Company Description
Voice-Swap is building the future of AI voice technology for the creative industries - with ethics, artist partnership, and cutting-edge engineering at the core. We work directly with musicians, voice-over artists, and media partners to develop ethically licensed, production-grade AI voice models with uncompromising speaker likeness and perceptual quality.
We are now looking for a Senior Machine Learning Engineer (Speech AI) to help us push high-fidelity speech synthesis and voice conversion systems to production scale. As an early-stage, fast-moving company, we value people who take ownership, move quickly, and are comfortable operating with both autonomy and responsibility.
Learn more at https://www.voice-swap.ai.
Role Description
This is a full-time remote role for a Senior Machine Learning Engineer at Voice-Swap.
You will:
* Implement neural speech synthesis models, prioritising speaker likeness and naturalness
* Write model inference API scripts for product deployment
* Write scripts for data preprocessing and model evaluation
* Work directly with clients on text-to-speech and/or voice conversion model projects
* Script and support professional voiceover data collection sessions
* Reimplement and adapt architectures from scientific papers into production-ready systems
* Contribute to improving training efficiency and deployment performance
This role requires someone comfortable moving between research papers, GPU training runs, and production APIs.
Qualifications
* Solid understanding of the fundamental concepts of Machine Learning and Deep Learning (Transformers, CNNs, RNNs)

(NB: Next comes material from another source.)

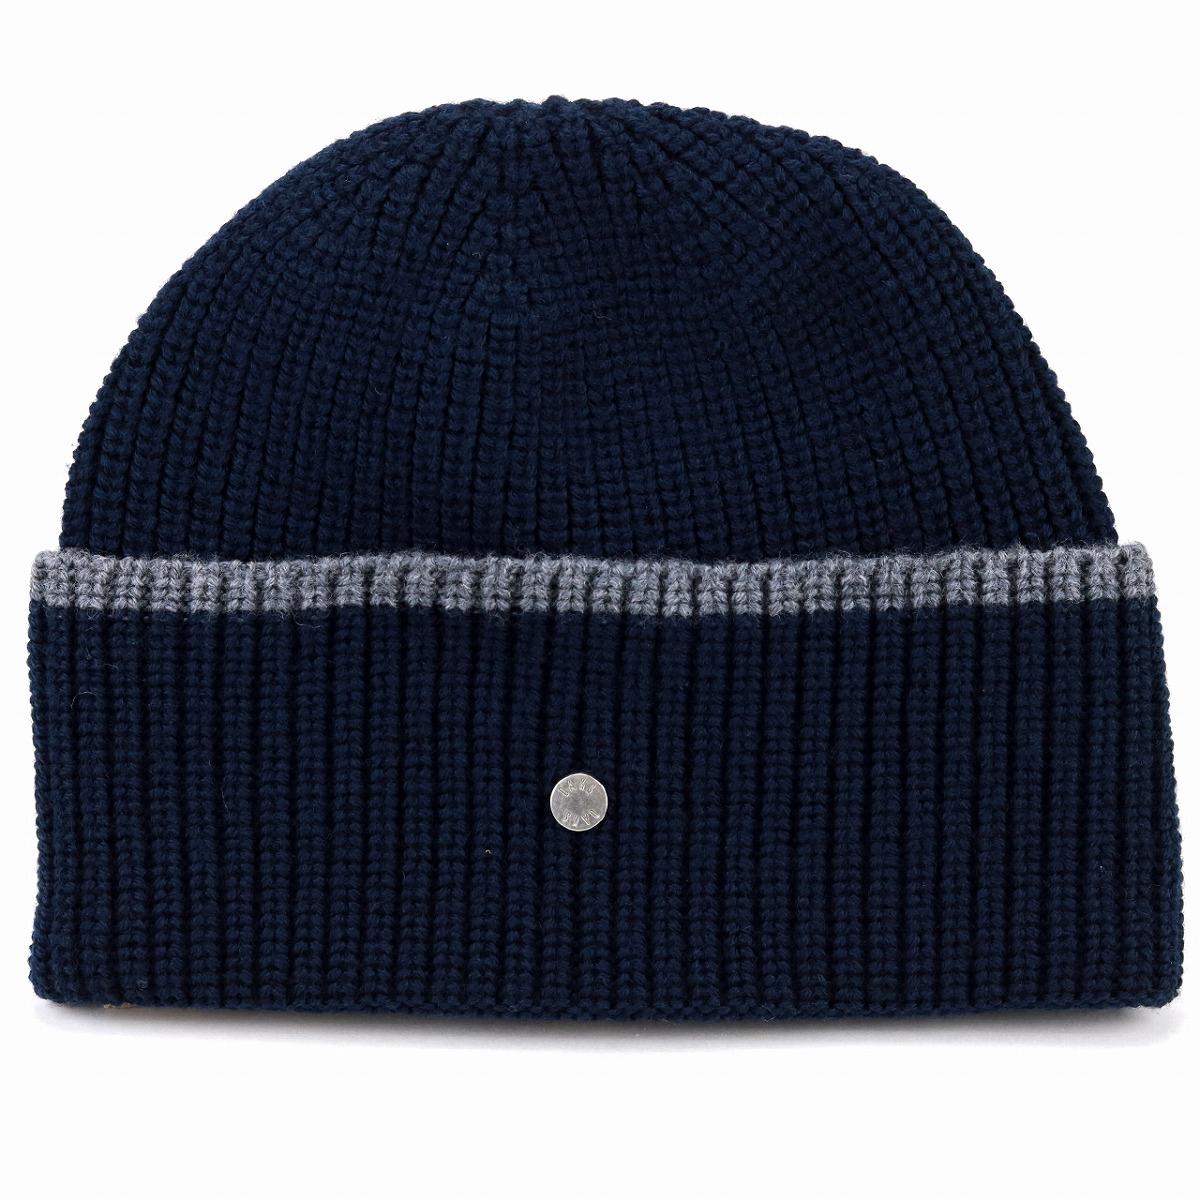 4bb707ce8bd Dark blue navy  beanie cap  man Christmas present hat with product made in  DAKS knit hat men merino wool lapel ニットワッチレディース hair 100% Daks hat ...

* Strong grounding in mathematics, audio signal processing, speech processing, or NLP
* Experience with ML frameworks (PyTorch or TensorFlow)

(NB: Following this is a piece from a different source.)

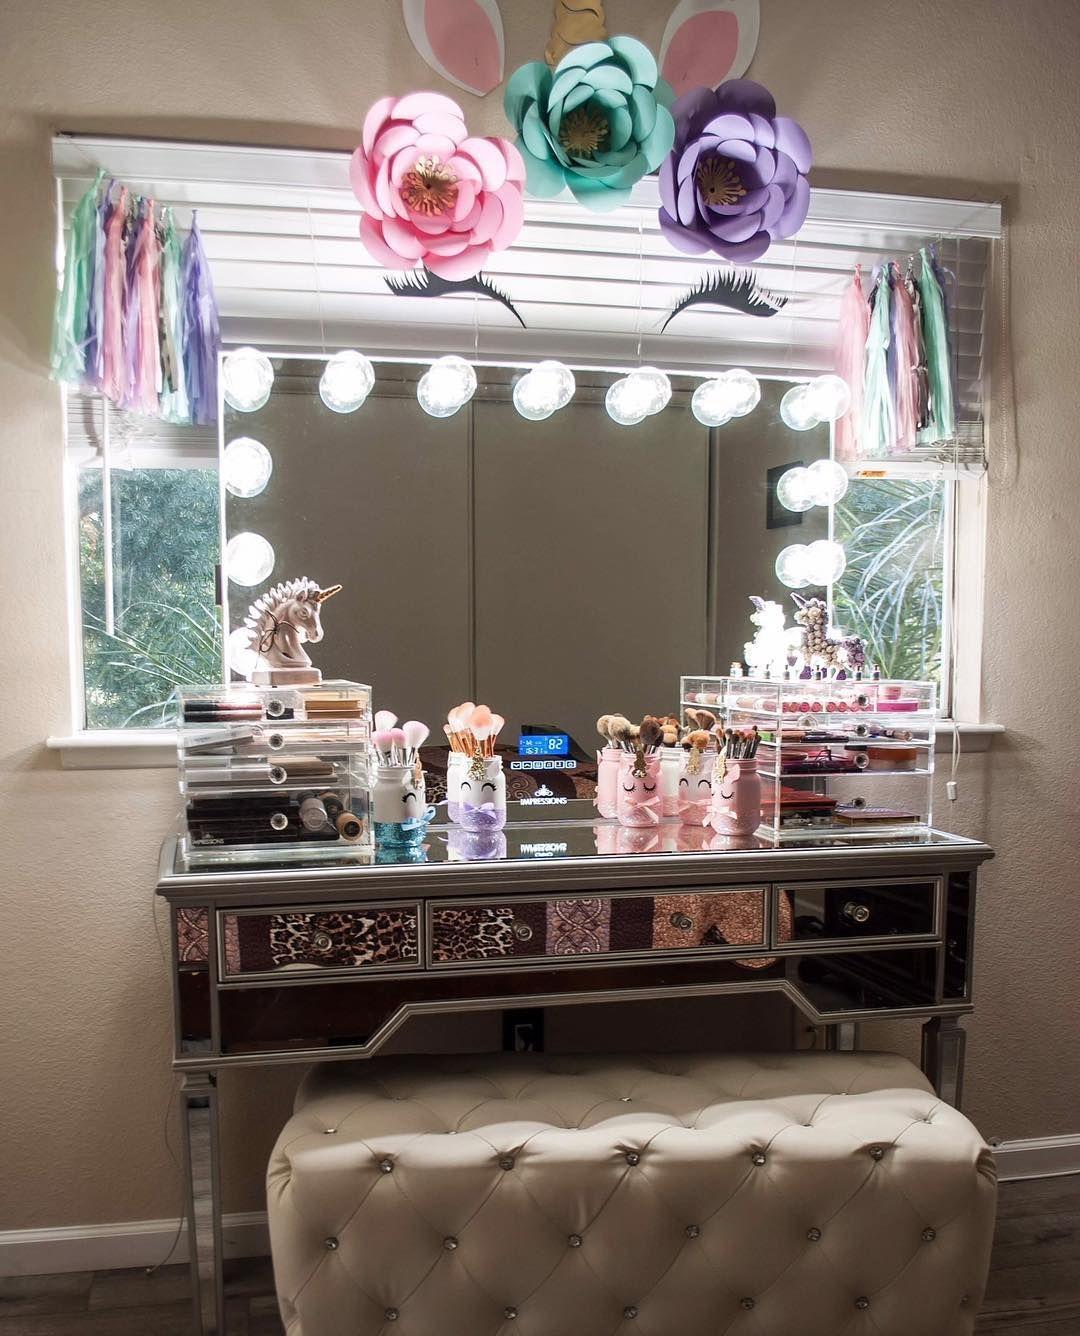 Pin on Makeup Organization IdeasBag, Case & Vanity

* Experience training and deploying models on cloud services (AWS, GCP, etc.)
* Experience reimplementing architectures from scientific papers
* Comfortable with Git & GitHub workflows
* Strong software engineering discipline and attention to reproducibility
Bonus Skills
* Experience in speech synthesis (text-to-speech and/or voice conversion)
* Training and inference optimisation (e.g., quantisation techniques)
* MS or PhD in Computer Science or Machine Learning, or 3+ years of relevant experience
* Publications in top-tier speech / NLP / signal processing conferences (Interspeech, ICASSP, ASRU, SLT, EUSIPCO, ACL, etc.)
* Music production or audio engineering experience
Who Thrives Here
* You enjoy working in a startup environment where priorities can evolve quickly
* You are proactive and don’t wait to be told what to do
* You are comfortable owning problems from research to production
* You care about audio quality and technical excellence
* You’re collaborative, reliable, and enjoyable to work with
Note: With your CV please provide a brief info of your proudest project (GitHub repo, arxiv paper link, short description).